# Snapped front of Meyer A-Frame.



## springer442 (Jan 10, 2009)

I snapped the front portion of the a frame on my meyer 7.5 plow. The spot that broke is where the pivot pin goes through the point of the A-frame. Is this fixable or do I need to buy a new A-frame? Any help would be great.


----------



## 04sd (Apr 7, 2007)

Sounds fixable to me and probably cheaper than a new one even if you pay to have it repaired. Do you have a picture.


----------



## 04sd (Apr 7, 2007)

Where in PA are you?


----------



## Crash935 (Sep 3, 2003)

Meyer does offer a replacement for the top portion of the nose plate on the a-frame. Cut the broken one off, weld the new one on and repair the bottom hole.


----------



## Burkartsplow (Nov 1, 2007)

Are you talking about where the King pin goes through the A frame, because the pivot pins dont go through the A Frame. The two pivot pins which are parallel to the blade go through the sector and the king pin which is vertical goes through the front of the A frame. either one is a simple fix. you can cut the old peice away and weld in new replacement. Any dealer of meyers should have the part or they can order it. Good luck. A new a frame will cost $500. I had to buy one for one of meyers this year since we snapped and bent one to H#[email protected] on manhole that popped out of nowhere.


----------



## springer442 (Jan 10, 2009)

bucks county


----------



## BigDave12768 (Nov 17, 2006)

springer442;764590 said:


> I snapped the front portion of the a frame on my meyer 7.5 plow. The spot that broke is where the pivot pin goes through the point of the A-frame. Is this fixable or do I need to buy a new A-frame? Any help would be great.





04sd;764602 said:


> Sounds fixable to me and probably cheaper than a new one even if you pay to have it repaired. Do you have a picture.


If its anything like the Fisher one. Dont Bother fixing it. Suck it up and buy a new one. That point takes tons of stress and will break again if not properly welded. Its not a quick at all. This is some what of a common problem. Fisher redesigned the Aframe and made it have alot more support at that point where pin goes in. So yeah it could be welded. But ususally its just a band aid and will break again


----------



## 24v6spd (Jan 18, 2009)

If it was me I would try repairing it. A weld when done properly is as strong as the metal around it.


----------



## james1097 (Jan 6, 2009)

I had the exact same thing happen 2 weeks ago. It is now welded up and as stong as ever!


----------



## augerandblade (Jan 17, 2009)

springer442;764590 said:


> I snapped the front portion of the a frame on my meyer 7.5 plow. The spot that broke is where the pivot pin goes through the point of the A-frame. Is this fixable or do I need to buy a new A-frame? Any help would be great.

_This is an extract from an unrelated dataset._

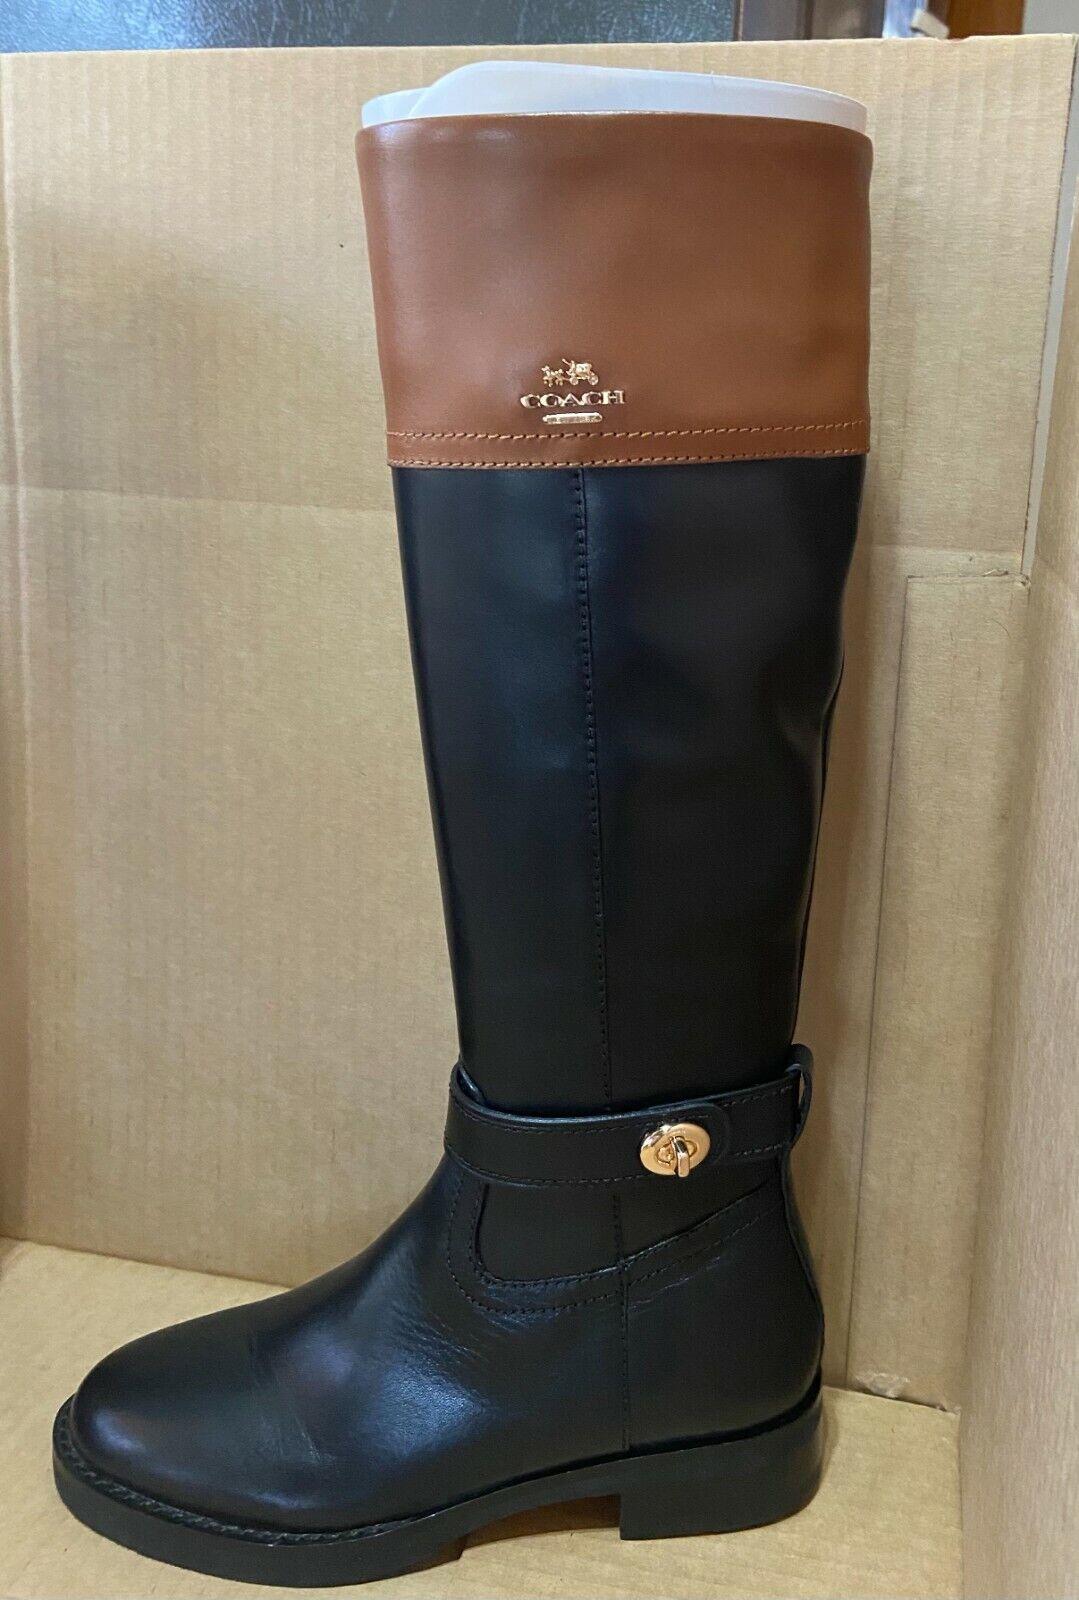 Coach Knee High Boot EVA Skinny Calf Q7660 Size 6 Black/Saddle with box NWB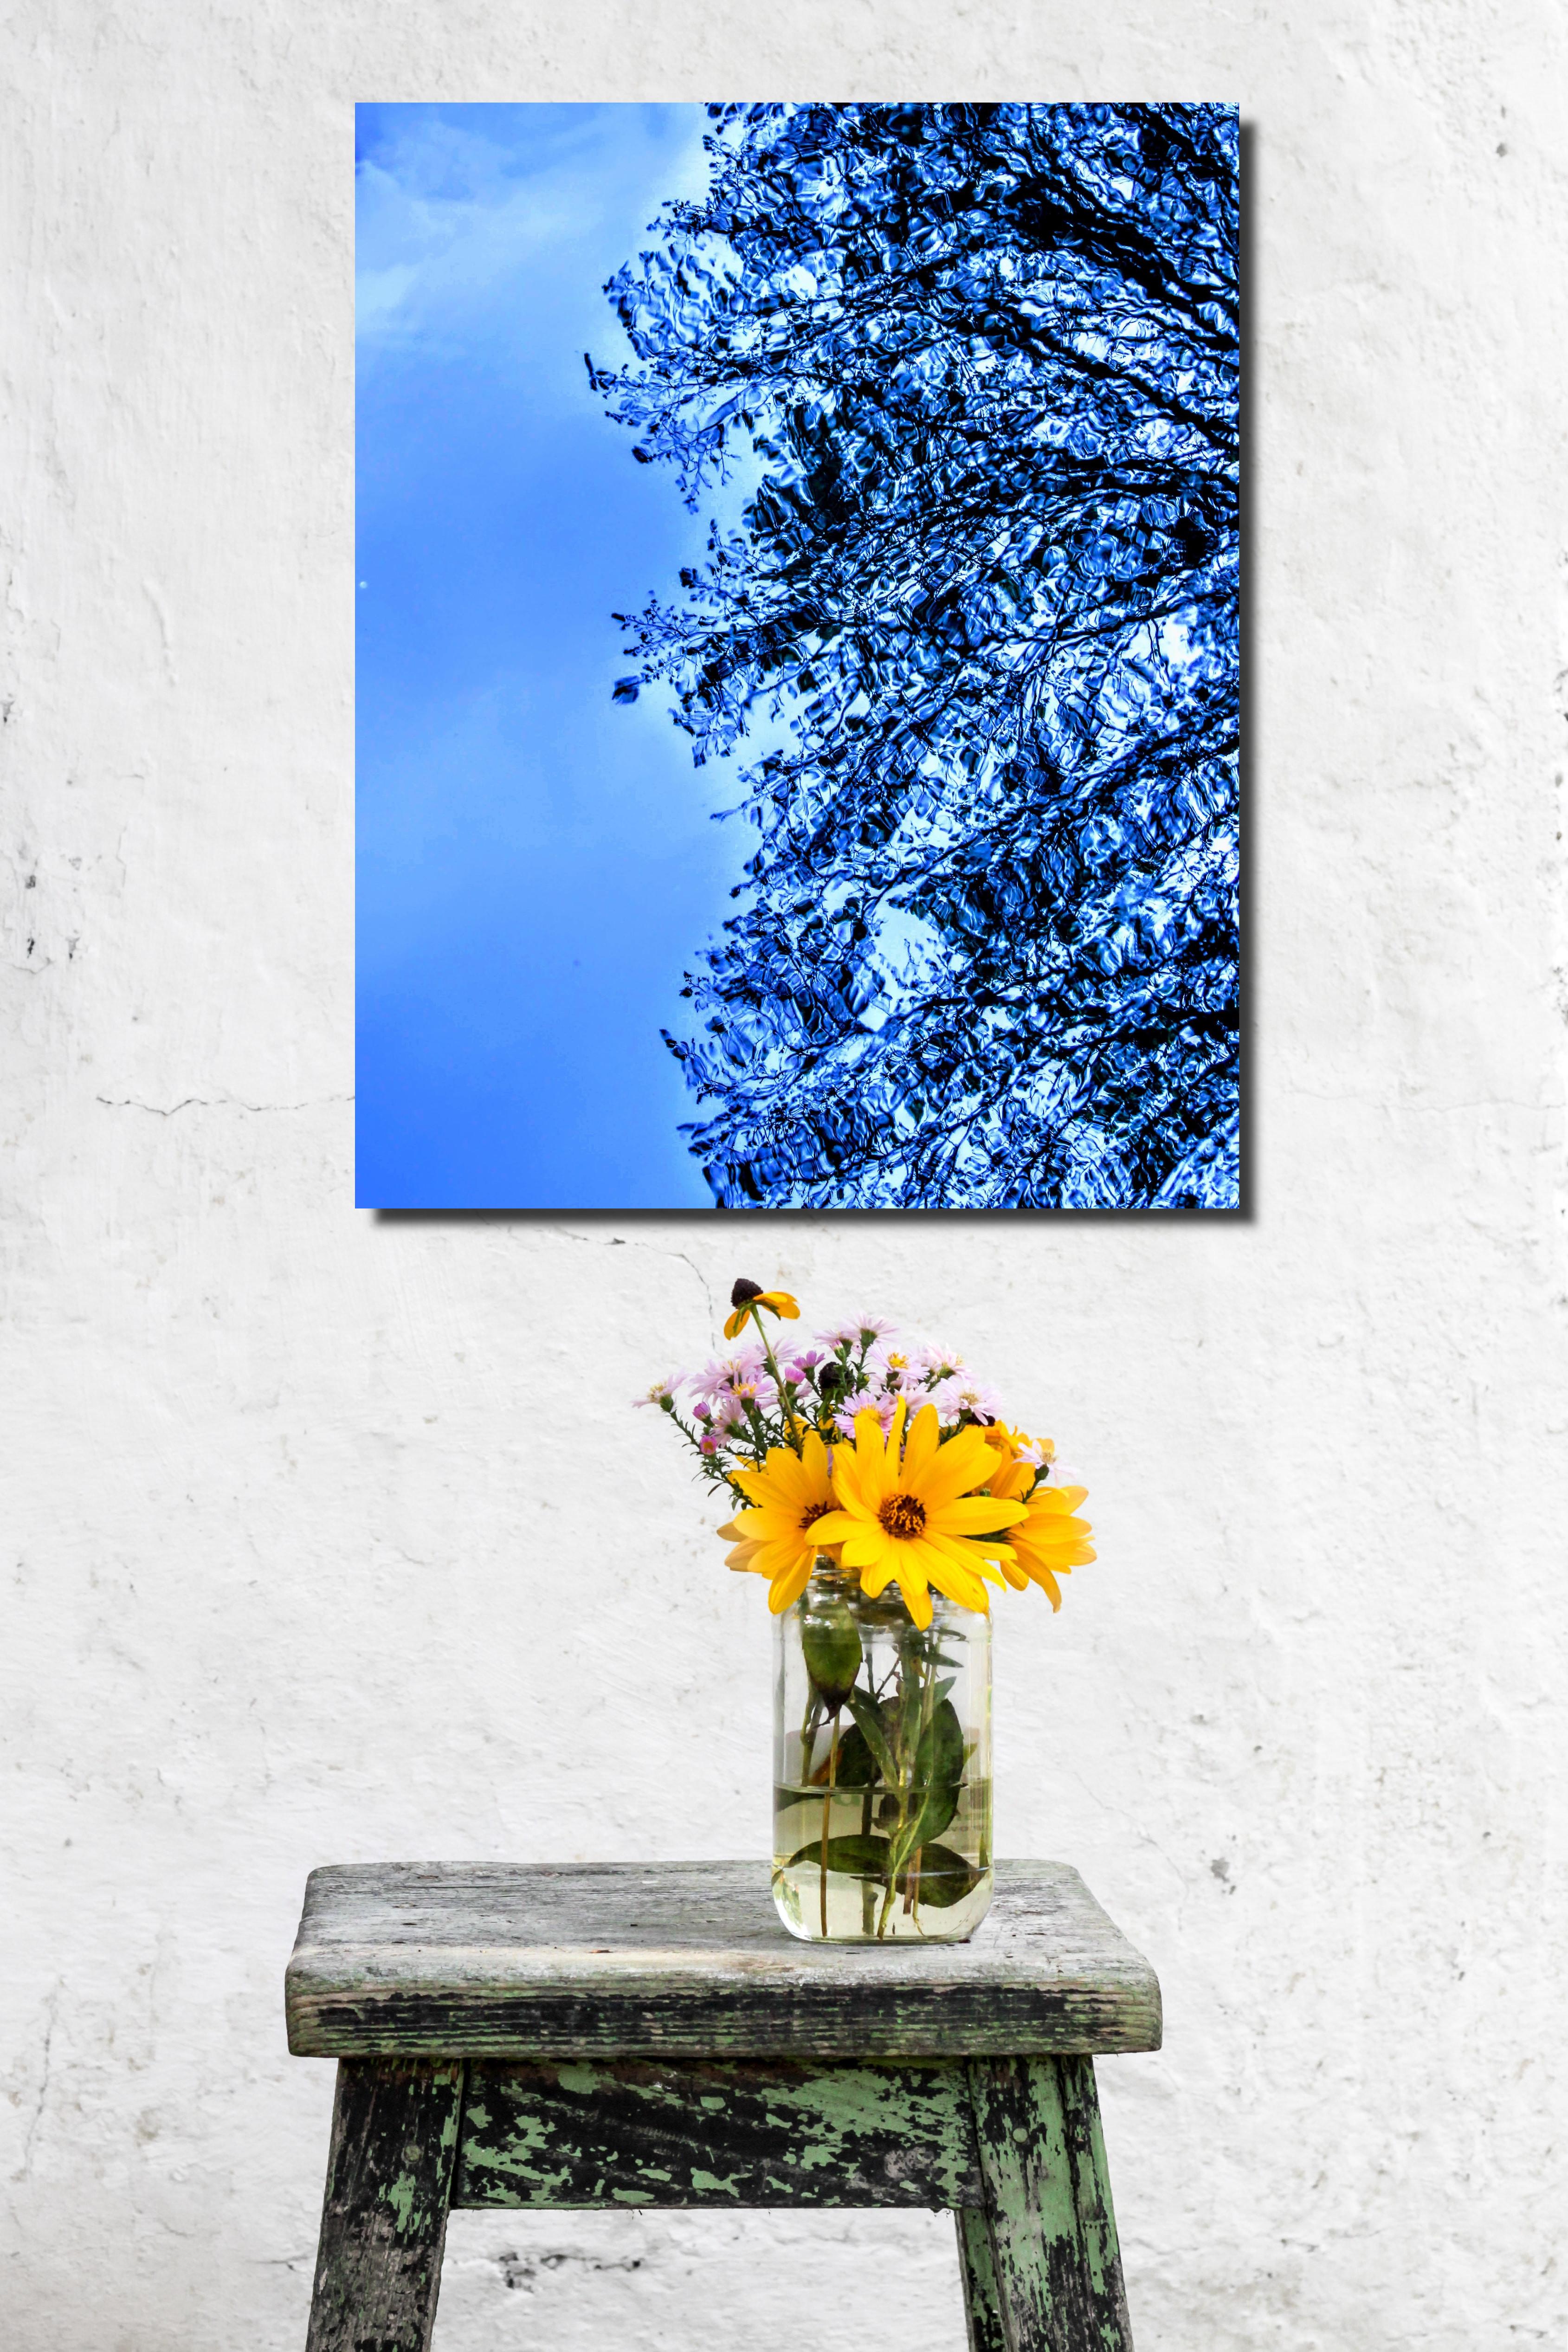 Abstract Blue 1 - Background image: Photo by Kevin Lehtla on Unsplash

Just interested to know if youre a snow stackin snow plower dude???????????????


----------



## ADMSWELDING (Dec 26, 2005)

BigDave12768;764680 said:


> If its anything like the Fisher one. Dont Bother fixing it. Suck it up and buy a new one. That point takes tons of stress and will break again if not properly welded. Its not a quick at all. This is some what of a common problem. Fisher redesigned the Aframe and made it have alot more support at that point where pin goes in. So yeah it could be welded. But ususally its just a band aid and will break again


If repaired correctly it will be fine.


----------



## Crash935 (Sep 3, 2003)

BigDave12768;764680 said:


> If its anything like the Fisher one. Dont Bother fixing it.


Its not anything like a fisher thats why were telling him to replace/repair the nose plate. Common repair for a older meyer and meyer makes the parts he needs.


----------



## 24v6spd (Jan 18, 2009)

I had mine repaired over 10 years ago and it's still holding.


----------



## .5racer (Jan 2, 2009)

I welded new fabed ones on mine useing a Miller 135 110volt , Yes I said a 110VOLT welder ( been a welder 15 + years ) I would stand behind it more than a factory job anyday !!!!


----------



## 04sd (Apr 7, 2007)

BigDave12768;764680 said:


> If its anything like the Fisher one. Dont Bother fixing it. Suck it up and buy a new one. That point takes tons of stress and will break again if not properly welded. Its not a quick at all. This is some what of a common problem. Fisher redesigned the Aframe and made it have alot more support at that point where pin goes in. So yeah it could be welded. But ususally its just a band aid and will break again


I guess you're not a welder and don't know to much about Meyer ST series plows  
FWIW, I and I'm sure others on this site could build a ST A-frame from scratch that is stronger than the factory piece, and I could do it cheaper than buying a new one from Meyer.


----------



## springer442 (Jan 10, 2009)

Know of any reputable places in Southeast pa to have it repaired after I buy the nose plates?


----------



## Burkartsplow (Nov 1, 2007)

springer442;765368 said:


> Know of any reputable places in Southeast pa to have it repaired after I buy the nose plates?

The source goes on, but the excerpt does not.